Last week, I packed my bags (filled mostly with
provisions and books) and headed for a land I have not visited in a very long
while … the Land of No Responsibility. I was accepted for a residency at the
Dorland Mountain Arts Colony in Temecula, California, where for one whole week,
I would do nothing more than write. As it turned out, I wrote, read, wrote, researched,
wrote, hiked, wrote, attempted to bake bread (failure!), wrote, stared at
sunsets, wrote and basked in the luxury of giving over my entire mind to my new novel.
My cabin at the Dorland Mountain Arts Colony |
Dorland dates back to the 1930s and sits on a beautiful,
sprawling nature preserve. Due to a massive wildfire in 2004, Dorland today
consists of just two brand new cabins (with more in the works) – with one
artist per cabin. I attended with a close friend who is a writer and musician.
Our idea was that we would work during the days and discuss what we were
working on over dinner each night. In fact, I was so absorbed in my writing
that we met only three of the seven nights that we were there, hiked a couple
times in order to clear our heads, but otherwise kept to ourselves. After all,
how often in an adult’s life can she retreat in full from the world?
Every sunset view from my front porch was captivating |
No internet. No TV. Just the necessities: electricity for
my laptop, a well-designed mini-kitchen, expansive views over the valley, a
large writing desk, more tables for writing wherever I felt like situating
myself at any given time, and a wood stove, with wood provided by the caretakers
(also artists-in-residence), Robert and Janice. The couple greeted us upon
arrival, to let us know they were there if we needed them, but otherwise, our
privacy would be respected and our solitude ensured. True to their word, they
revealed themselves only once … halfway through the week Robert came down to
check on my stock of firewood and at the same time deliver a slice of homemade
apple pie—tart and flavorful and perfect.

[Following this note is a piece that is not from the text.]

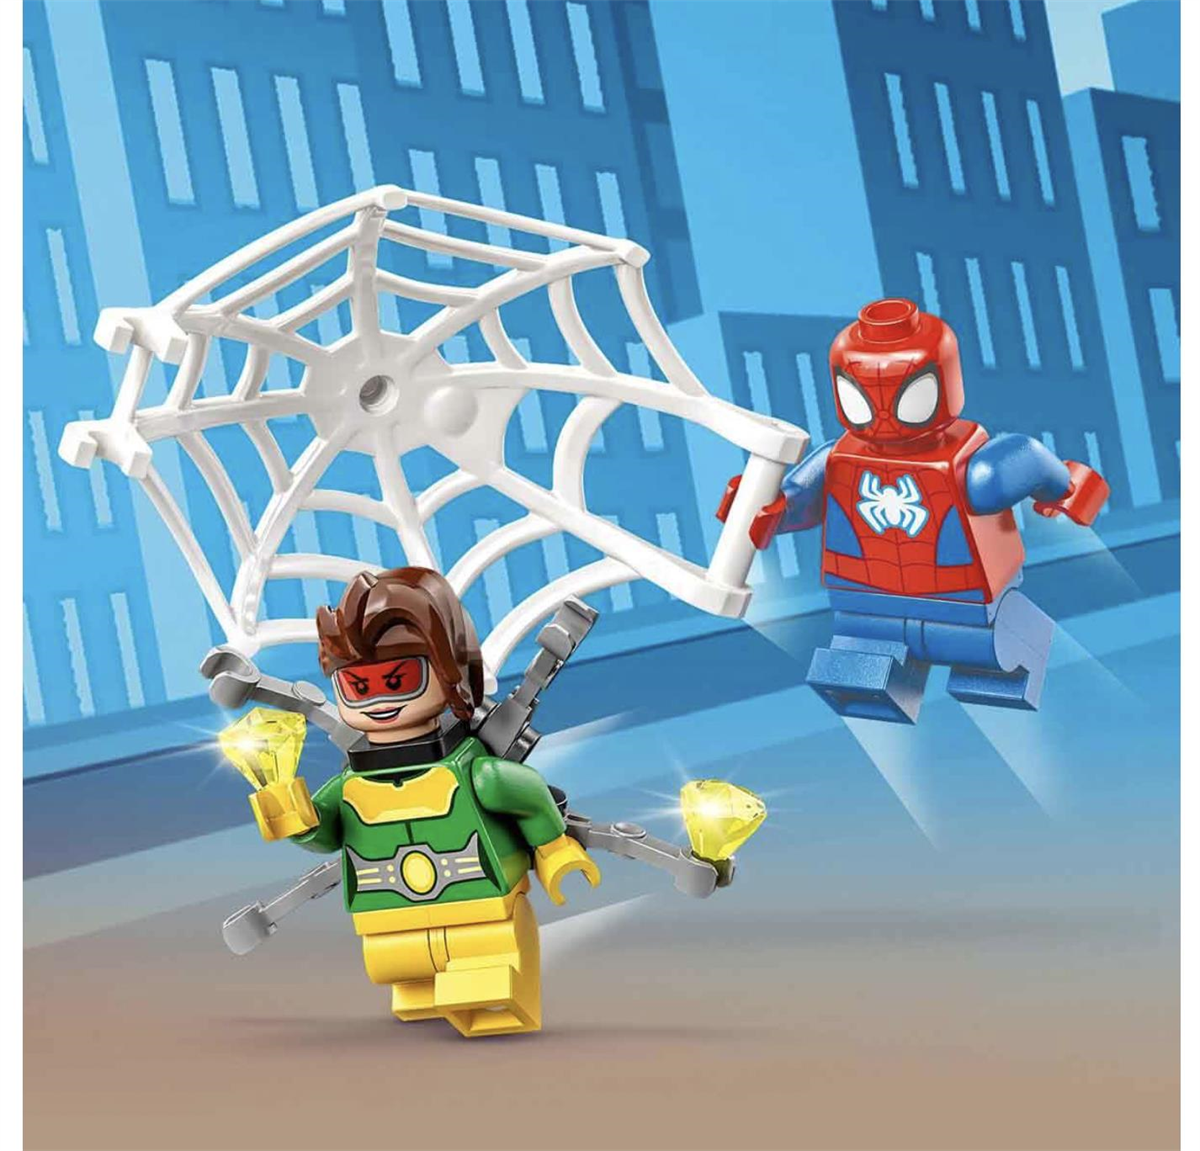 Lego Marvel Örümcek Adam’ın Arabası ve Doktor Oktopus 10789 | Toysall
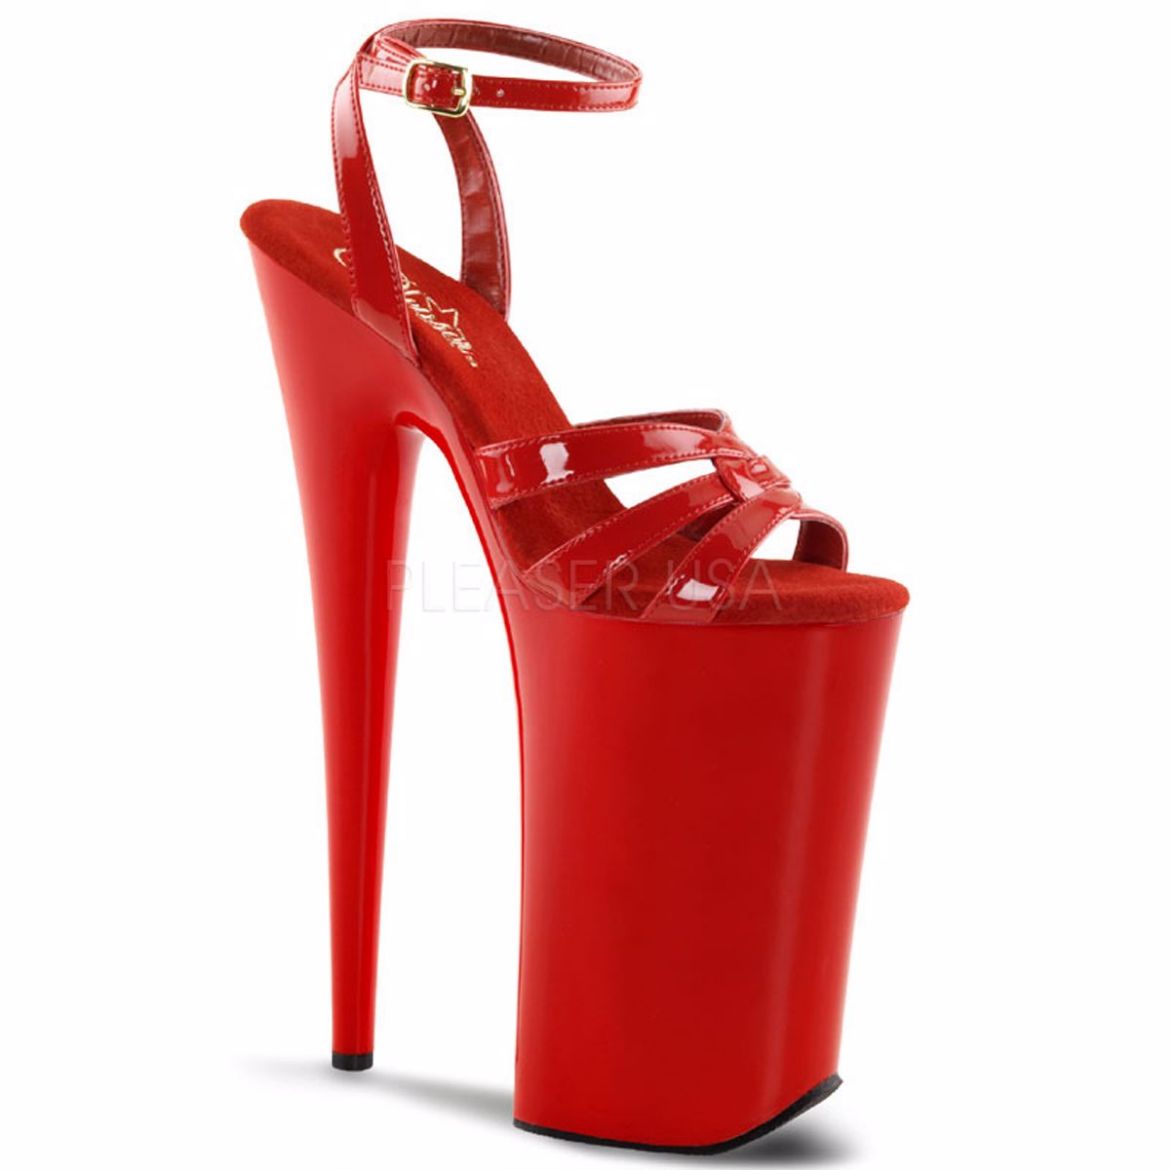 My 5 inch heels | The Junoesque

Rain & writing midway through the week |
The first morning of the residency, I felt a bit
disoriented. I did not have to check my emails. I did not have to check a clock
to figure out how much time I had to write before I needed to start work or
take care of countless other daily commitments. As I got started, I could feel
myself writing as if with a harness on. I eased in on my beloved Smith-Corona
Coronet, because the sound of the keys always gives me a boost. Then I
transitioned to my computer, and as the chapter I was working on began to head
in a new, exciting direction, I could feel the restraints falling away. I could
also feel myself being watched.
Room with a view ... of my daily muse! |
I looked up, and there outside my window, just a few feet
from my desk, was a deer, checking up on me before leaning down to nuzzle a
patch of grass. Two more joined in the feast, and in a moment that can only be
described as spiritual, a weight lifted off me. I love my life, but it’s a busy
life, and throughout my week at Dorland I learned how to untangle myself from
the restrictions on my writing that I’d become too accustomed to and slip into
a rhythm in which I could write at any time, at any hour, for as long or as
short a stretch as I wanted. And when I was not writing, I learned that I did not have to give my
mind over to anything else.
Another day, another gorgeous sunset |
Upon arrival at Dorland, I felt a kind of euphoria. The
morning I had to leave, I sat down in my rocking chair in front of my beautiful
view and sobbed. Not because I was sad to go, but because writing with such
freedom for a whole week had been cathartic. I hadn’t realized how much I’d needed
it. Allowing myself that kind of unfettered liberty had been a way of believing
in myself as a “real writer.” Funny how someone who has had a novel published
by a major publisher doesn’t come to that belief naturally. I realized that
attending a colony such as this one was about more than setting aside time to
work. It was about creating a balance of
external and internal space. It was about giving myself permission to take
myself seriously. It was about returning to the reason I started writing in the
first place: it gives me so much pleasure.